Worked Solution & Example Answer:a) Factorise fully 9a² - 6ab + 12ac - 8bc - Junior Cycle Mathematics - Question Question 1 - 2014
Step 1
Factorise fully 9a² - 6ab + 12ac - 8bc.
Answer
To factorise the expression, we look for common factors:
- Group the terms: 9a² - 6ab + 12ac - 8bc = (9a² - 6ab) + (12ac - 8bc).
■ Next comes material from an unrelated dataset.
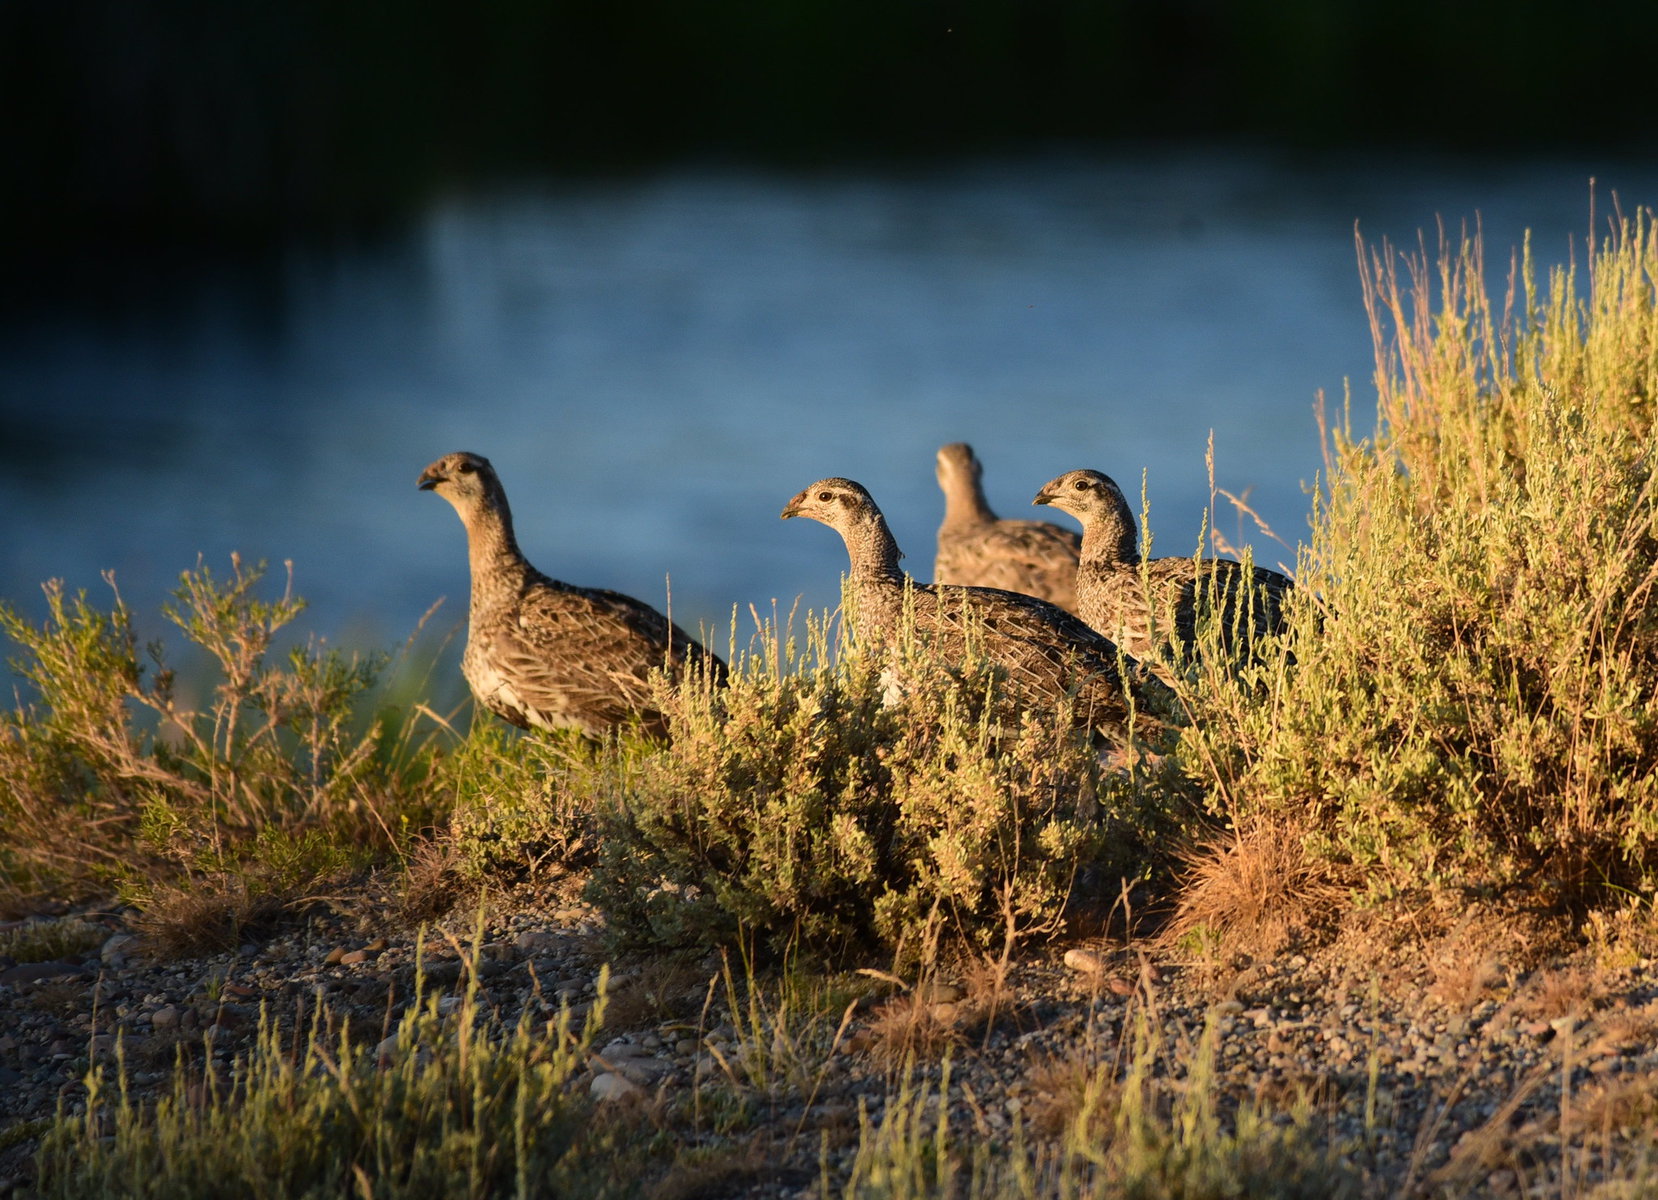 A group of sage grouse in grass.

- Factor out the common factors in each group:
- From the first group (9a² - 6ab), factor out 3a: [ 3a(3a - 2b) ]
- From the second group (12ac - 8bc), factor out 4c: [ 4c(3a - 2b) ]
- Now, we can combine these two factored terms: [ 3a(3a - 2b) + 4c(3a - 2b) = (3a + 4c)(3a - 2b) ]
Step 2
Factorise 9x² - 16y².
Answer
This expression represents a difference of squares, which can be factored using the formula ( a² - b² = (a - b)(a + b) ).
- Identify a and b:
- Here, ( a = 3x ) and ( b = 4y ), so we have: [ 9x² - 16y² = (3x)² - (4y)² ]
- Applying the difference of squares formula: [ 9x² - 16y² = (3x - 4y)(3x + 4y) ]
Step 3
Use factors to simplify the following: 2x² + 4x / 2x² + x - 6.
Answer
To simplify the expression ( \frac{2x² + 4x}{2x² + x - 6} ), we will factor both the numerator and the denominator:
- Factor the numerator: [ 2x² + 4x = 2x(x + 2) ]
- Factor the denominator:
- To factor ( 2x² + x - 6 ), we can use the factorization method:
- Find two numbers that multiply to ( 2 \times -6 = -12 ) and add to ( 1 ) (which is the coefficient of x): these numbers are ( 4 ) and ( -3 ).
- Thus: [ 2x² + x - 6 = 2x² + 4x - 3x - 6 = 2x(x + 2) - 3(x + 2) = (2x - 3)(x + 2) ]
- Substitute back into the expression: [ \frac{2x(x + 2)}{(2x - 3)(x + 2)} ]
- Cancel out the common factor (x + 2): [ \frac{2x}{2x - 3} ]
Thus, the simplified form is ( \frac{2x}{2x - 3} ).